§ DIRECTIONS FOR THIS TASK
Transcribe, word for word, only the lines from the one containing "Flannel shirt in" through the end of the material below. Pictures stay out.

§ DATA SECTION
· · · ·
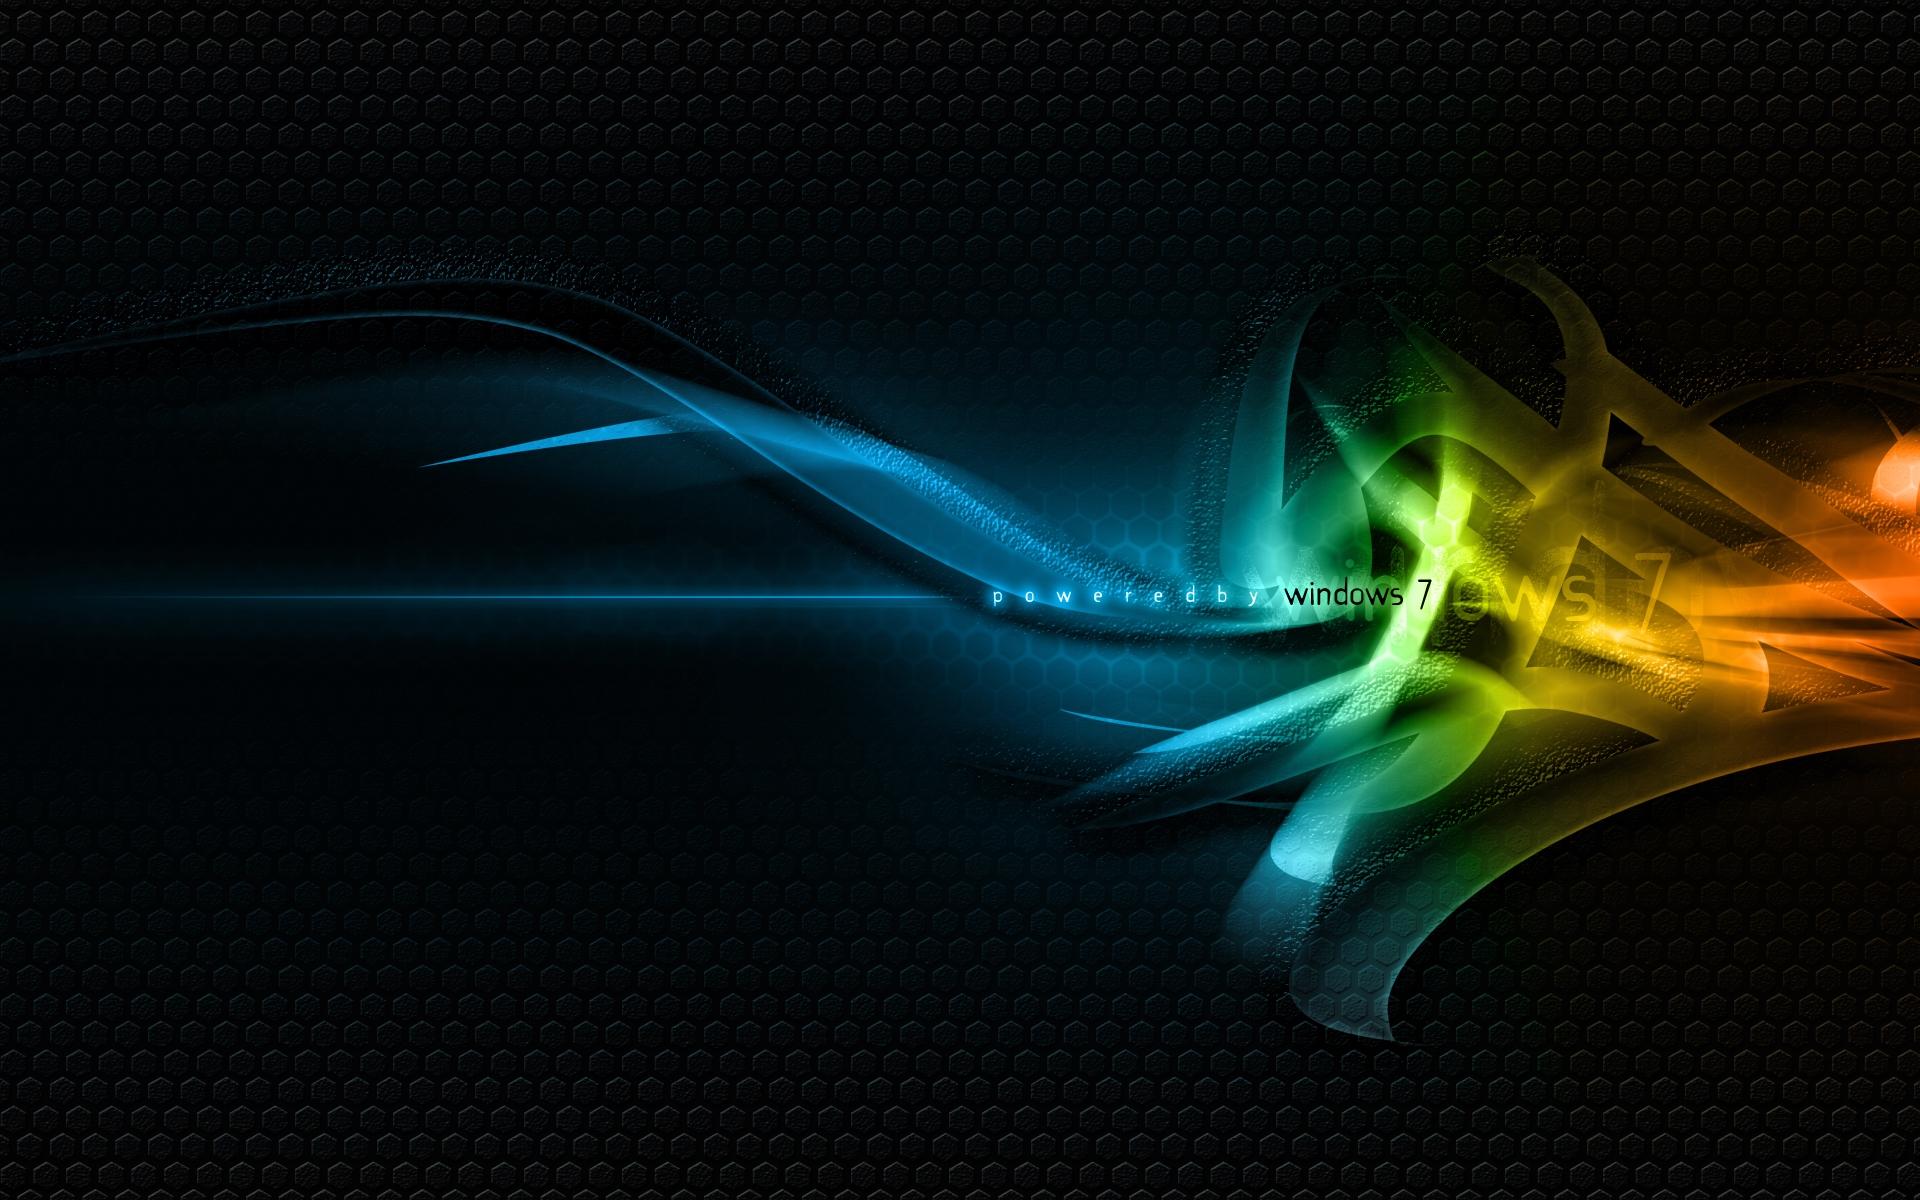 Windows 7 Wallpaper 1080p , HD Wallpaper & Backgrounds
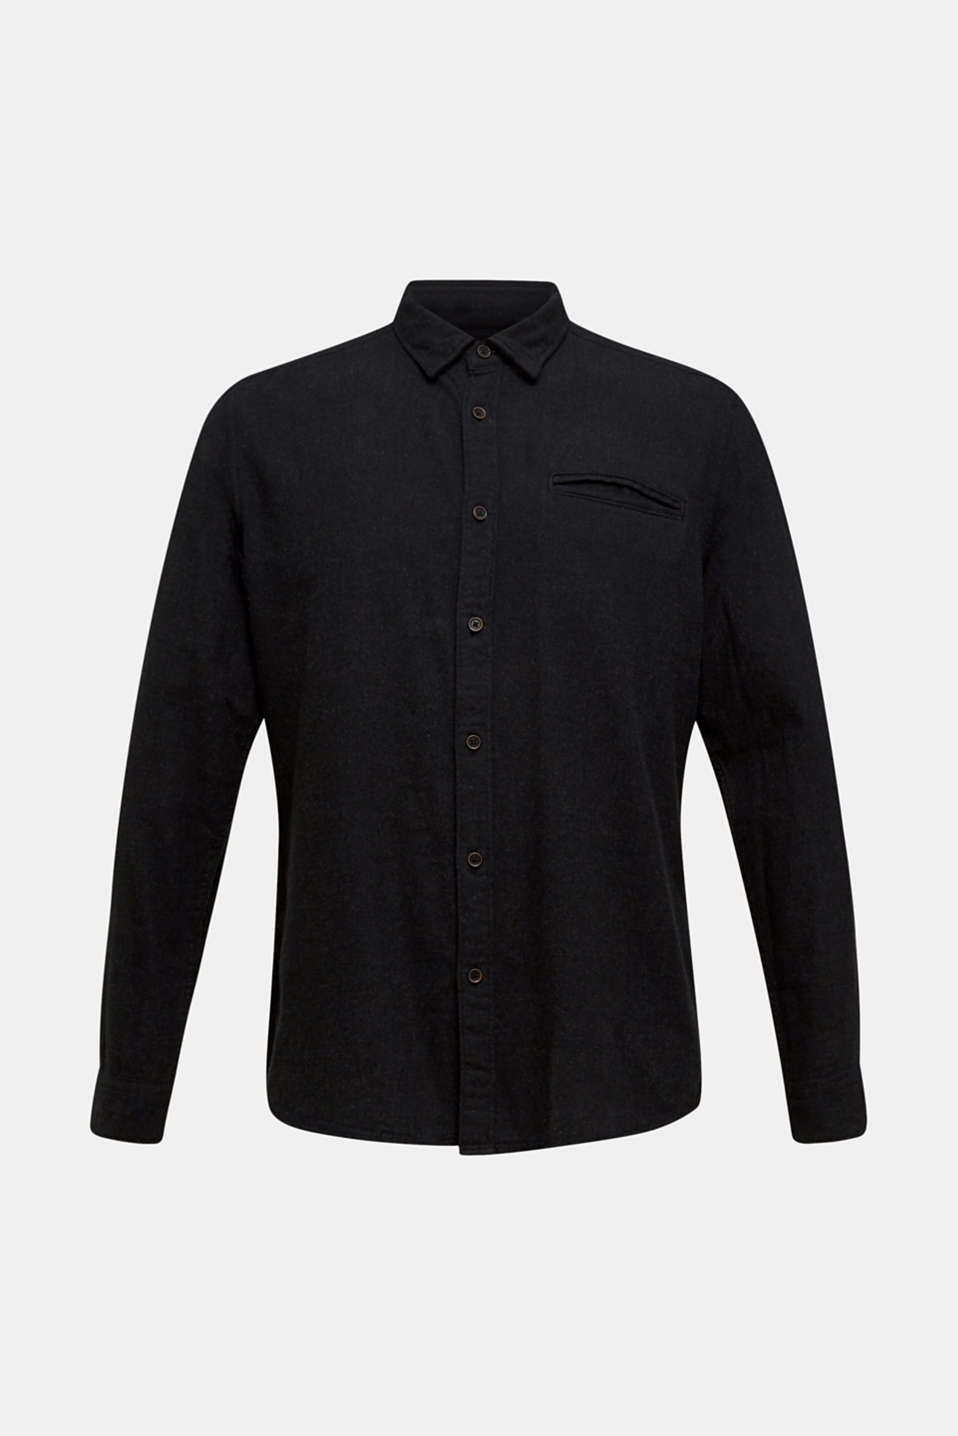 Flannel shirt in 100% cotton, DARK GREY 5, detail image number 6
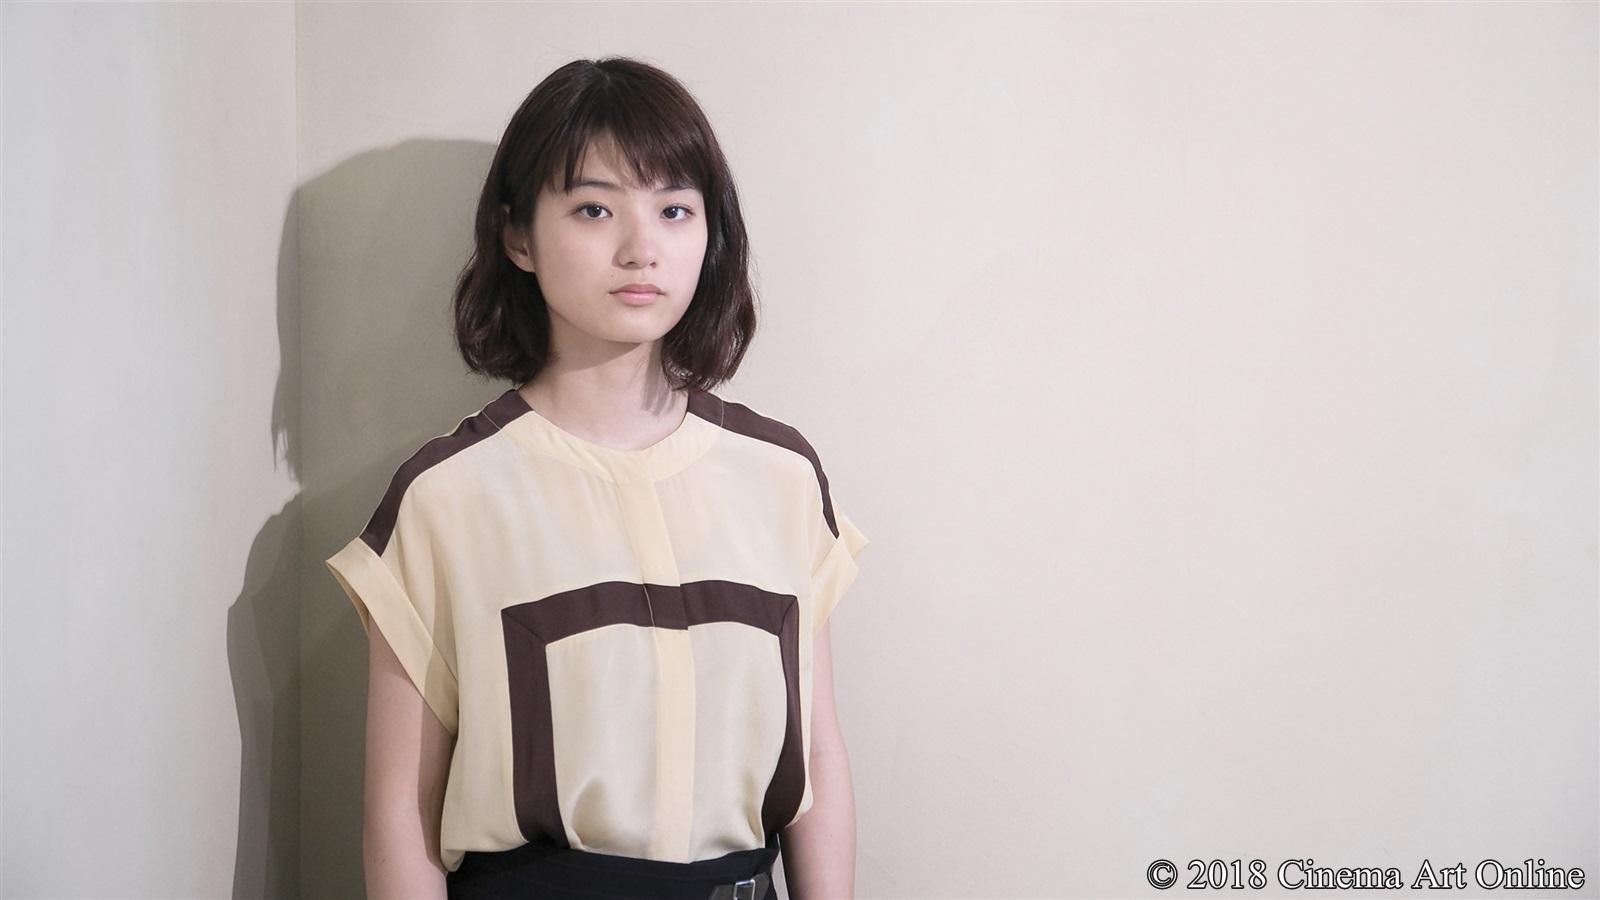 【画像】蒔田彩珠 (まきた あじゅ)
· · · ·
§ ANSWER TO THIS PROBLEM
 Flannel shirt in 100% cotton, DARK GREY 5, detail image number 6
 【画像】蒔田彩珠 (まきた あじゅ)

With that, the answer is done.